In the fourth verse, Mrs. Howe wrote:

He has sounded forth the trumpet that shall never sound retreat;
He is sifting out the hearts of men before His judgment seat.
O be swift, my soul, to answer Him! Be jubilant, my feet!
Our God is marching on.


Here, we see a picture of God weighing the hearts of men and judging them accordingly on the basis of the war. We are thus enjoined to be “swift” and “jubilant” as we fulfill His judgment against His enemies – in context, of course, killing Southerners.

The final verse declares:

In the beauty of the lilies, Christ was born across the sea,
With a glory in His bosom that transfigures you and me.
As He died to make men holy, let us die to make men free,
While God is marching on.


Apart from the obvious error of saying that Christ was “born among the lilies,” these lyrics betray the fundamental rejection of the deity of Christ common to Unitarians.

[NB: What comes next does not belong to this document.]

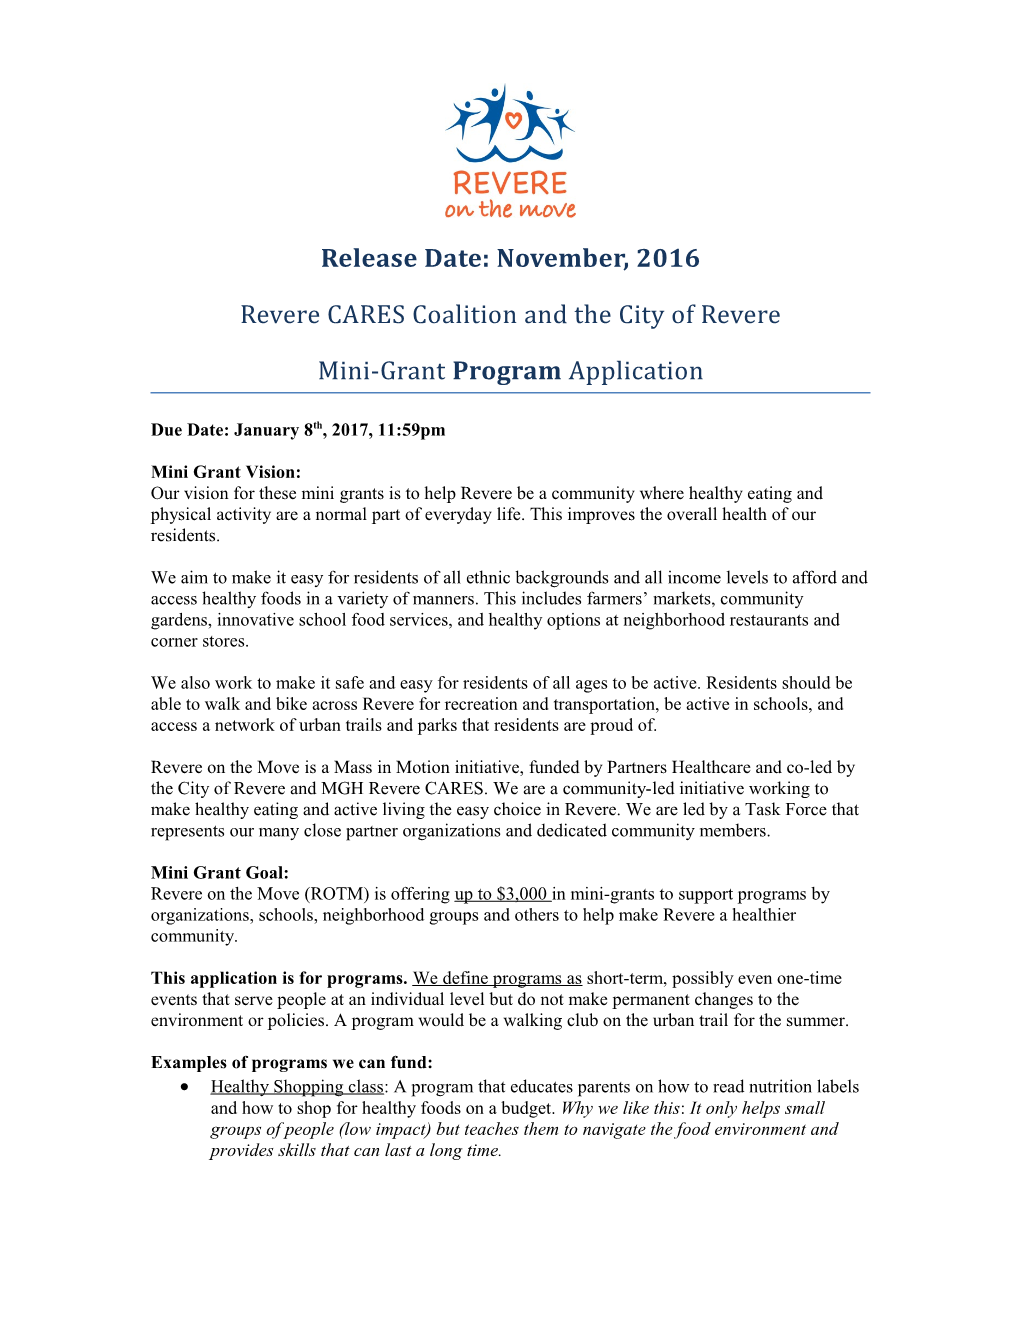 Revere CARES Coalition and the City of Revere

Christ died “to make men holy”; that is, He lived and died nobly, that we might follow His example. Yet it remains for man (through government and social action) to “make them free” through the death associated with war. Even changing “die” to “live” (as some hymnals do) does not avoid the blatant social element of the “gospel” being presented.

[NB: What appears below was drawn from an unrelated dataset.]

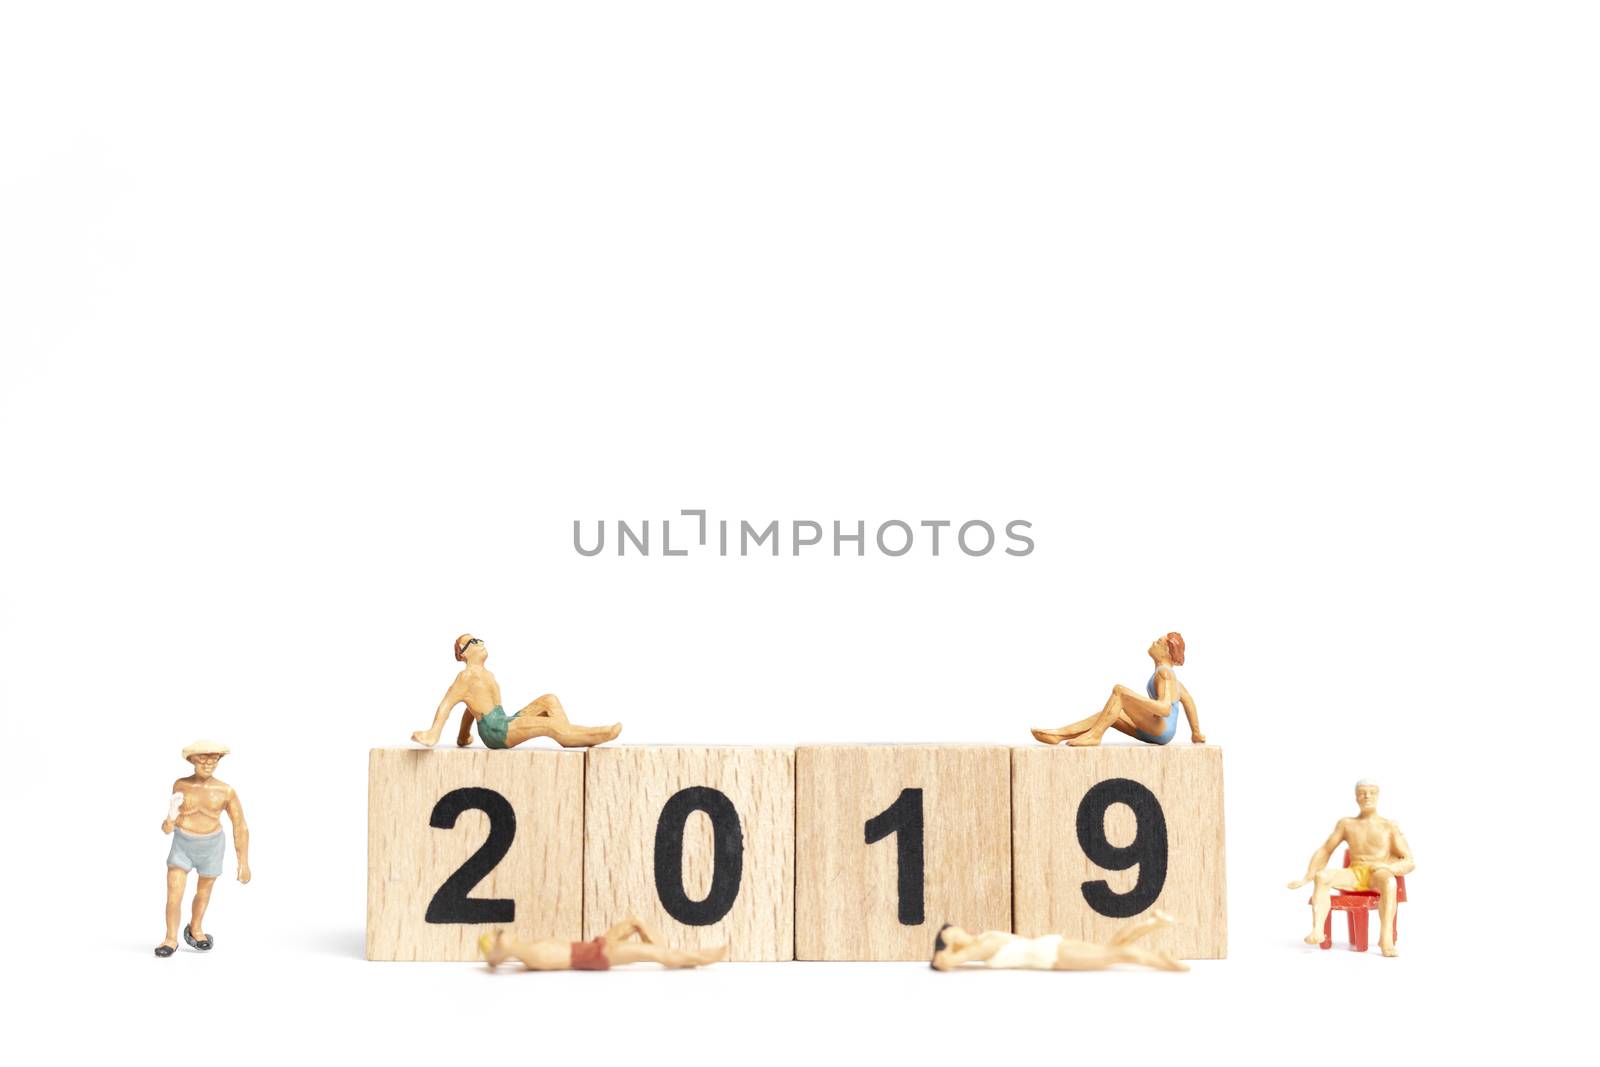 Miniature people wearing swimsuit relaxing on wooden block 2019 with white background

This song, then, has little to commend it to the Christian who takes seriously the Word of God and the orthodox doctrines derived from it. Further, the song has nothing to do with the historic event of America’s independence from England; it is uniquely addressing the war that rent our nation in two. While the underlying issue of slavery in that war was indeed a moral one, and while the morally right position won the day, The Battle Hymn of the Republic interjects the grace of God, the judgment of God, and the Gospel of God into the conflict in such a way as to significantly blur the theological import of each of these into the internecine struggles among sinful humanity.

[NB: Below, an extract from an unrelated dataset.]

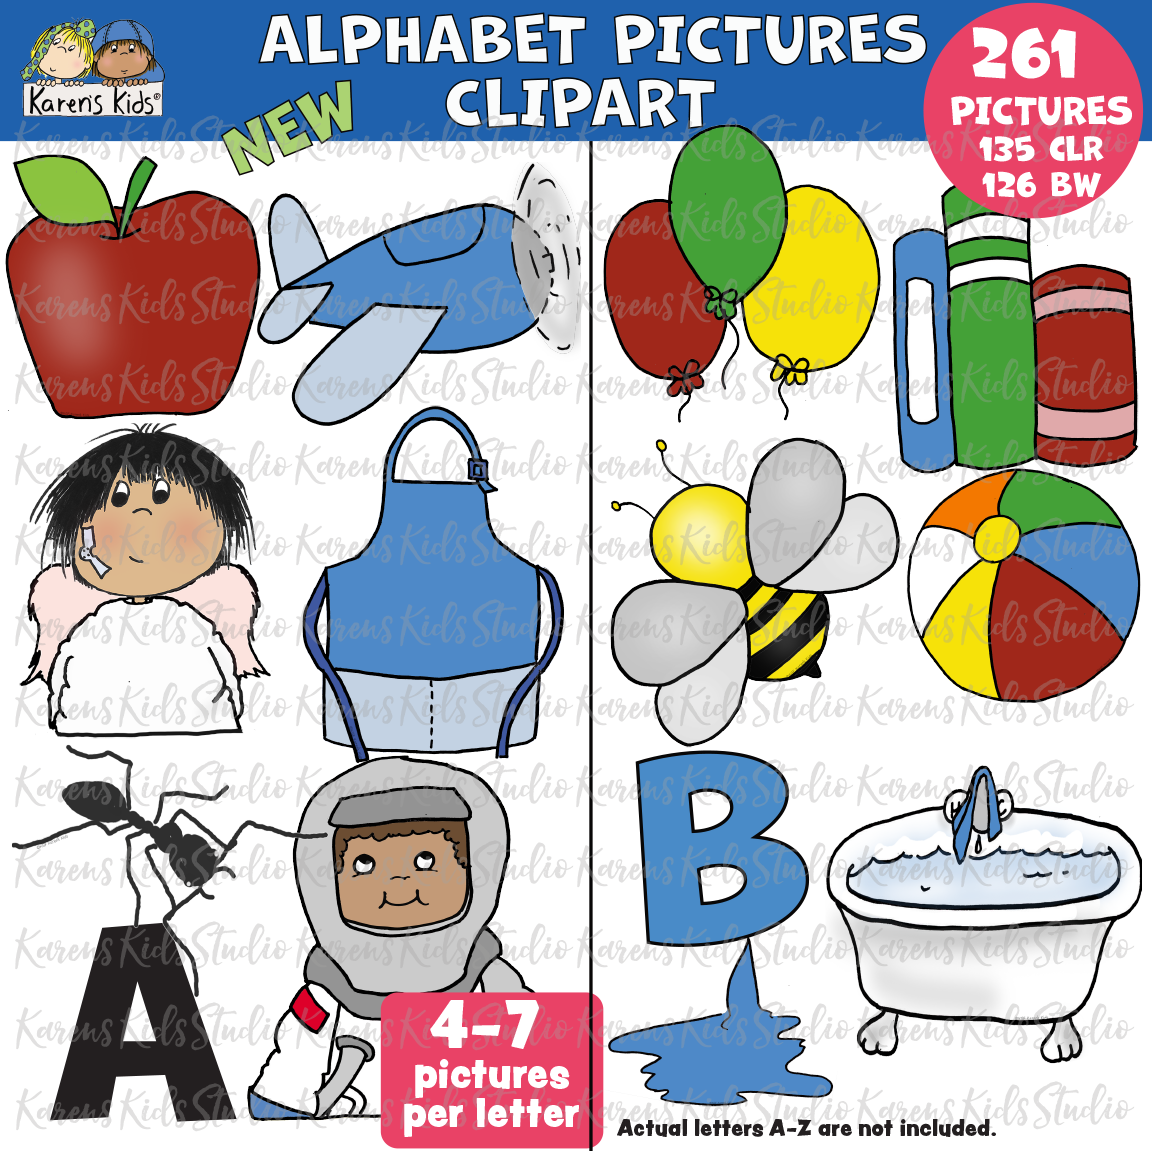 Picture with the title ALPHABET PICTURES CLIPART. 261 pictures, 135 color pictures, 126 black and white pictures. 4-7 pictures for each letter. 12 color pictures show samples of clipart, apple airplane, angel, apron, ant, astronaut and more.

As Christians in this great nation, we may indeed celebrate our freedoms and honor those by whom such freedoms were purchased. However, as Christians, our greatest freedom does not yet await another’s living or dying, but was purchased for us by Jesus Christ once for all. Amidst the celebratory events surrounding our nation’s independence, perhaps the best use of the time we gather to worship corporately would be to remember the deliverance won for us – not on the battlefield – but on the cross of Calvary.